The gemini → generate_code step focuses on producing the core code for the API Documentation Generator. This output provides a robust, modular, and extensible Python solution that leverages Pydantic for data modeling and generates professional Markdown documentation.
This section provides a Python implementation for an API Documentation Generator. It consists of:
DocumentationGenerator Class: A class responsible for taking the Pydantic data model and rendering it into a well-formatted Markdown string.Welcome to the PantheraHive User Management API documentation! This guide provides comprehensive information on how to integrate with our API to manage user accounts efficiently. You'll find details on authentication, available endpoints, request/response formats, error handling, and SDK usage examples.
Our User Management API allows you to programmatically create, retrieve, update, and delete user accounts within the PantheraHive ecosystem.
https://api.pantherahive.com/v1v1Access to the PantheraHive User Management API requires authentication using an API Key.
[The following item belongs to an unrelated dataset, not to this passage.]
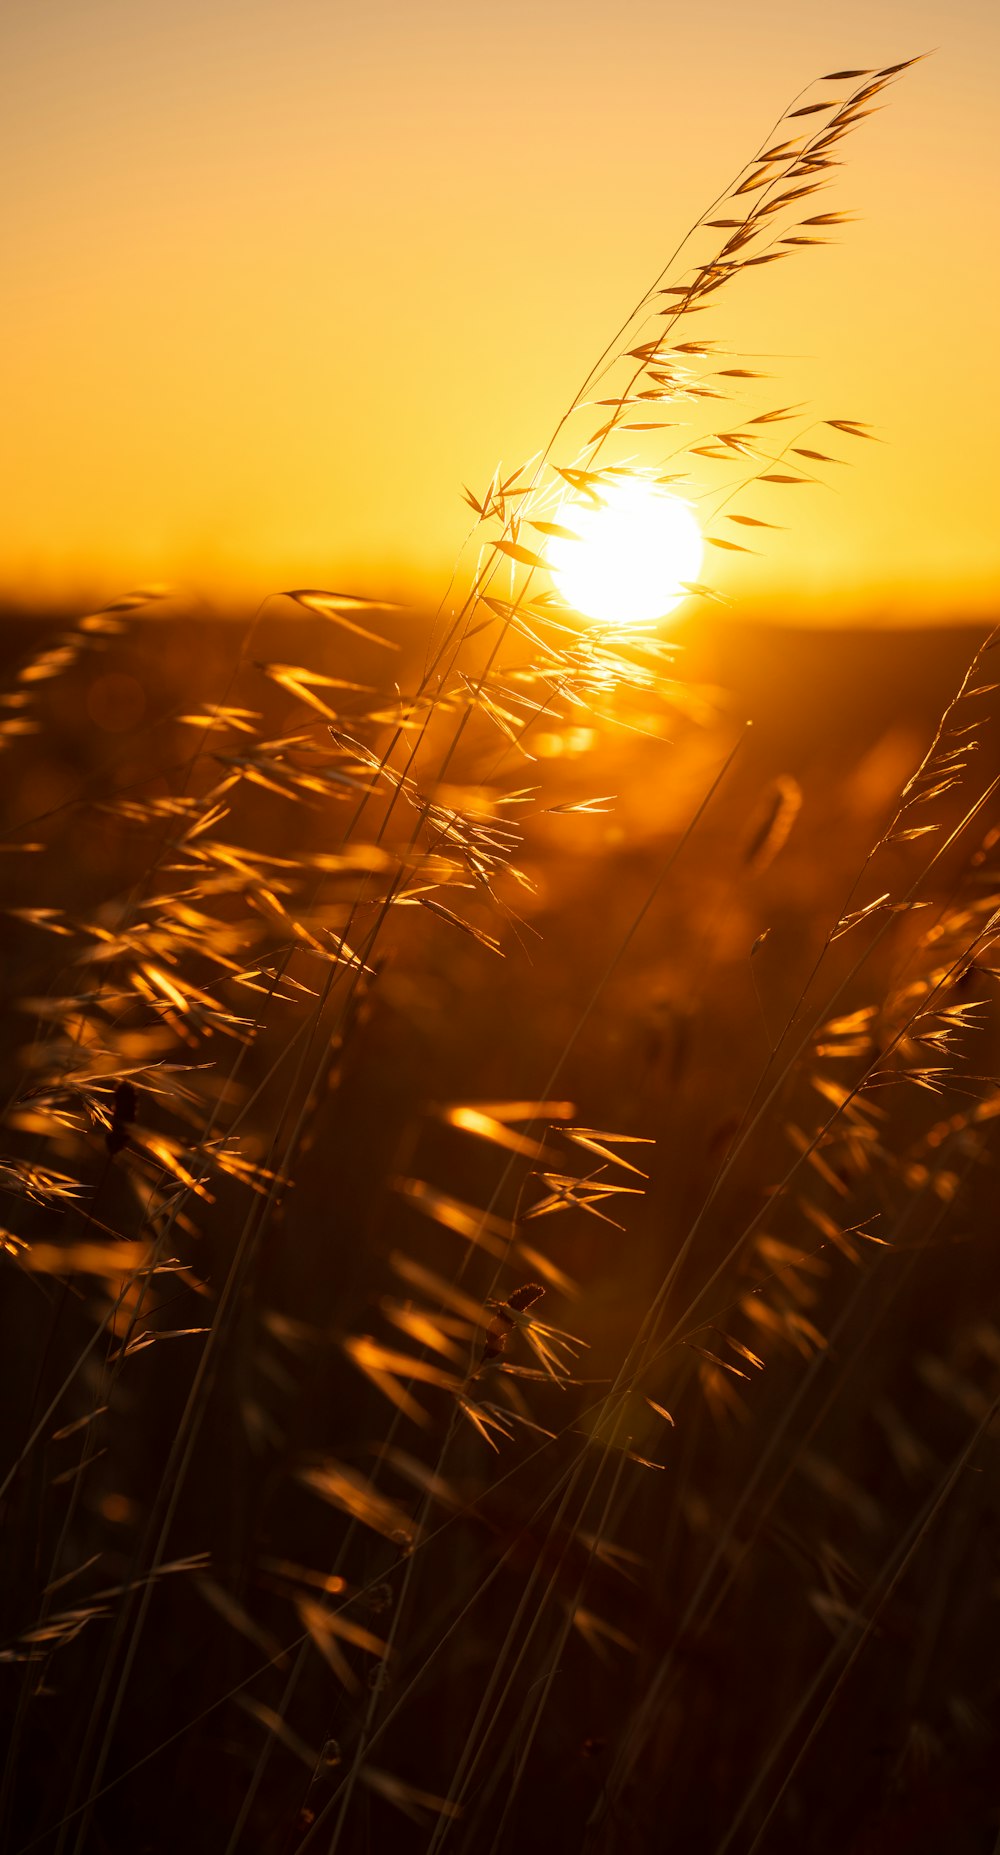 Braunes Weizenfeld bei Sonnenuntergang

This key must be included in every request header.
Include your API Key in the Authorization header of your HTTP requests, prefixed with Bearer.
Header Example:
Authorization: Bearer YOUR_API_KEY
cURL Example:
curl -X GET \
https://api.pantherahive.com/v1/users \
-H 'Authorization: Bearer YOUR_API_KEY'
This section details all available endpoints for managing user accounts, including their methods, URLs, parameters, and request/response examples.
Retrieves a paginated list of all registered users.
GET/usersQuery Parameters:
| Parameter | Type | Description | Required | Default |
| :-------- | :------ | :----------------------------------------------------- | :------- | :------ |
| limit | Integer | Maximum number of users to return per page (max 100). | No | 20 |
| offset | Integer | The number of users to skip before starting to collect the result set. | No | 0 |
Request Example:
curl -X GET \
'https://api.pantherahive.com/v1/users?limit=10&offset=0' \
-H 'Authorization: Bearer YOUR_API_KEY'
Successful Response (200 OK):
{
"data": [
{
"id": "usr_abc123",
"name": "Alice Smith",
"email": "alice.smith@example.com",
"createdAt": "2023-01-15T10:00:00Z",
"updatedAt": "2023-01-15T10:00:00Z"
},
{
"id": "usr_def456",
"name": "Bob Johnson",
"email": "bob.johnson@example.com",
"createdAt": "2023-01-16T11:30:00Z",
"updatedAt": "2023-01-16T11:30:00Z"
}
],
"total": 50,
"limit": 10,
"offset": 0
}
Error Response (401 Unauthorized):
{
"code": "UNAUTHORIZED",
"message": "Authentication required or invalid API Key."
}
Retrieves detailed information for a single user by their unique identifier.
GET/users/{id}Path Parameters:
| Parameter | Type | Description | Required |
| :-------- | :----- | :-------------------- | :------- |
| id | String | The unique ID of the user. | Yes |
Request Example:
curl -X GET \
'https://api.pantherahive.com/v1/users/usr_abc123' \
-H 'Authorization: Bearer YOUR_API_KEY'
Successful Response (200 OK):
{
"id": "usr_abc123",
"name": "Alice Smith",
"email": "alice.smith@example.com",
"createdAt": "2023-01-15T10:00:00Z",
"updatedAt": "2023-01-15T10:00:00Z"
}
Error Response (404 Not Found):
{
"code": "NOT_FOUND",
"message": "User with ID 'usr_nonexistent' not found."
}
Creates a new user account with the provided details.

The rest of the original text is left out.